Guys I take adventage of your IP provider, but take care, not always default values are right, I saw people use DW with the default values of .1 at 60 F, it is for sure wrong, RWbound should be on 15 to 20% of RW, anyway take care exceptions are wide spread. Enjoit and let me know when last ip (4.6) where available
Regards and never use default values, take a time to see what it does meanth
MM(Euskadi59)

----------


## pggeology

Dear Folks,
I get trouble with input parameters,please tell me how I can use crossplot in order to determine  Density, neutron, Rt and Rxo of wetclay

----------


## edisonnadeak

> Dear Folks,
> I get trouble with input parameters,please tell me how I can use cross-plot in order to determine  Density, neutron, Rt and Rxo of wet clay



Good morning all,

Please introduce me, my name edison, i am a junior well log analyst.

Maybe I can give suggestion for the question above.

In my experience, the wet clay point could be  determine in your zone ( if you found a thick shale interval) using x-plot RHOB-NPHI-GR.

Find (helped by histogram of GR to determine your most shale point) the RHOBCL and PHINCL point  as wet clay point.

Dry clay point should be determine by laboratory worked.

For resistivity we could read at the same depth at our shale/clay point.

For case you not have a thick shaley interval, then you could use from another near well, or interval that analog with your interval/zone from depositional environment as an approach.
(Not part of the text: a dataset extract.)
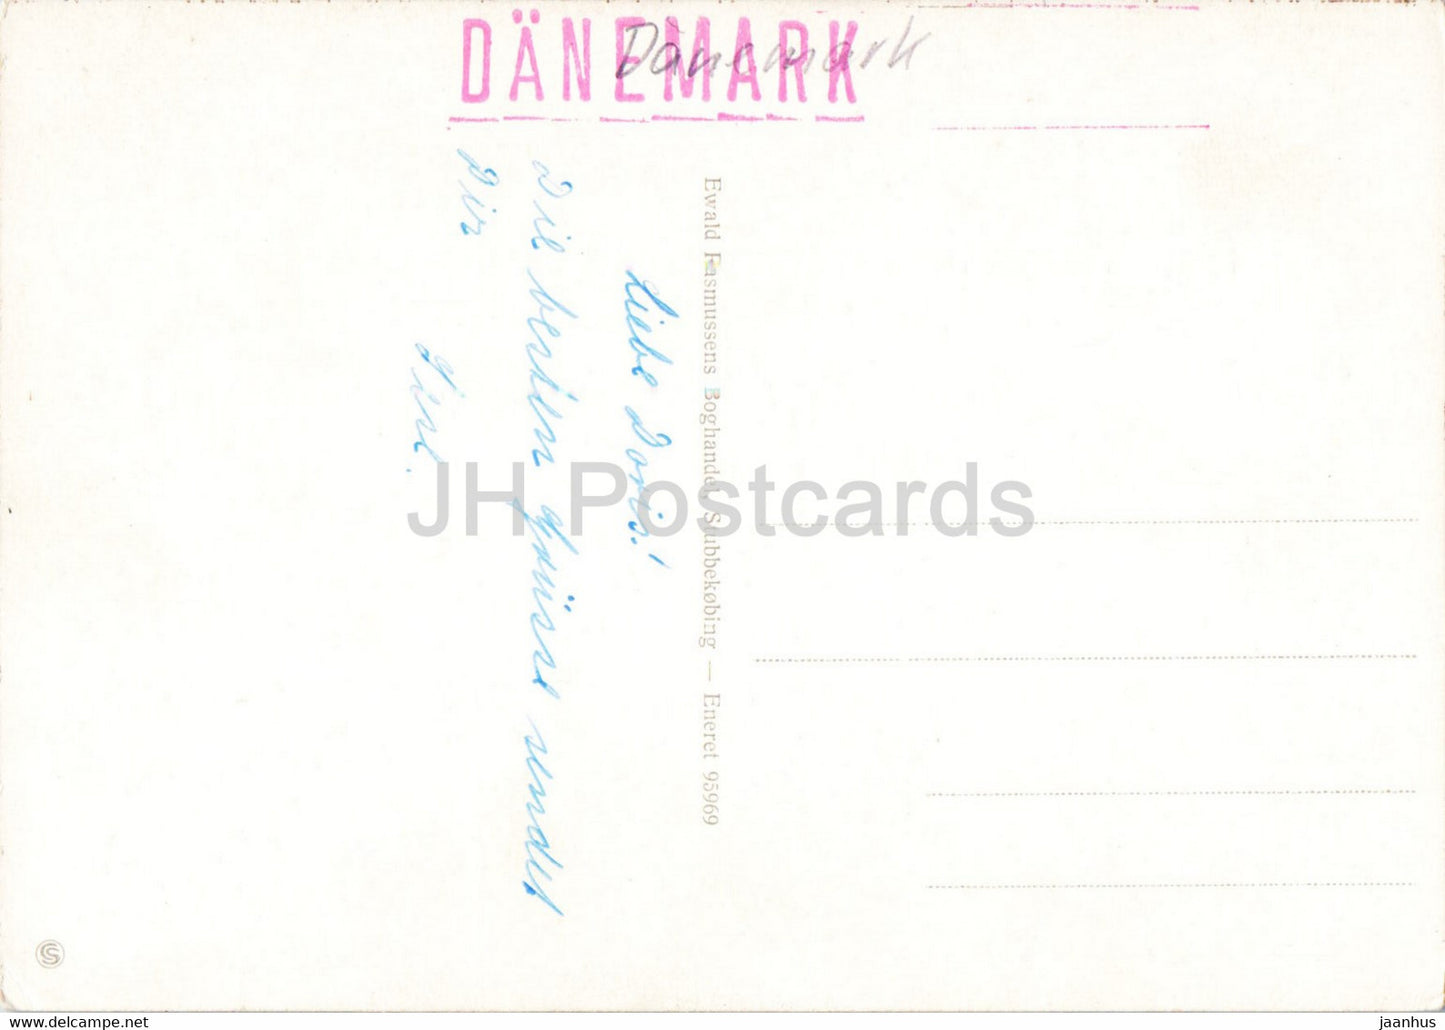 Havnen - Stubbekobing - port - - boat - ship - old postcard - Denmark - used

That is  a simple tips from me, maybe it isn't totally right.


regards, 

Edn

----------


## pggeology

Thank you Edison so much. I do the same as your method but probably I define wrong shale point so it cause high water saturation. Could you guide me how I can get sand point and shale point in GR histogram. I could run it and chose All Gaussian Line distribution. Then I chose min and max line. Thank you again for your help.

Best Regards,
PGGeologist

----------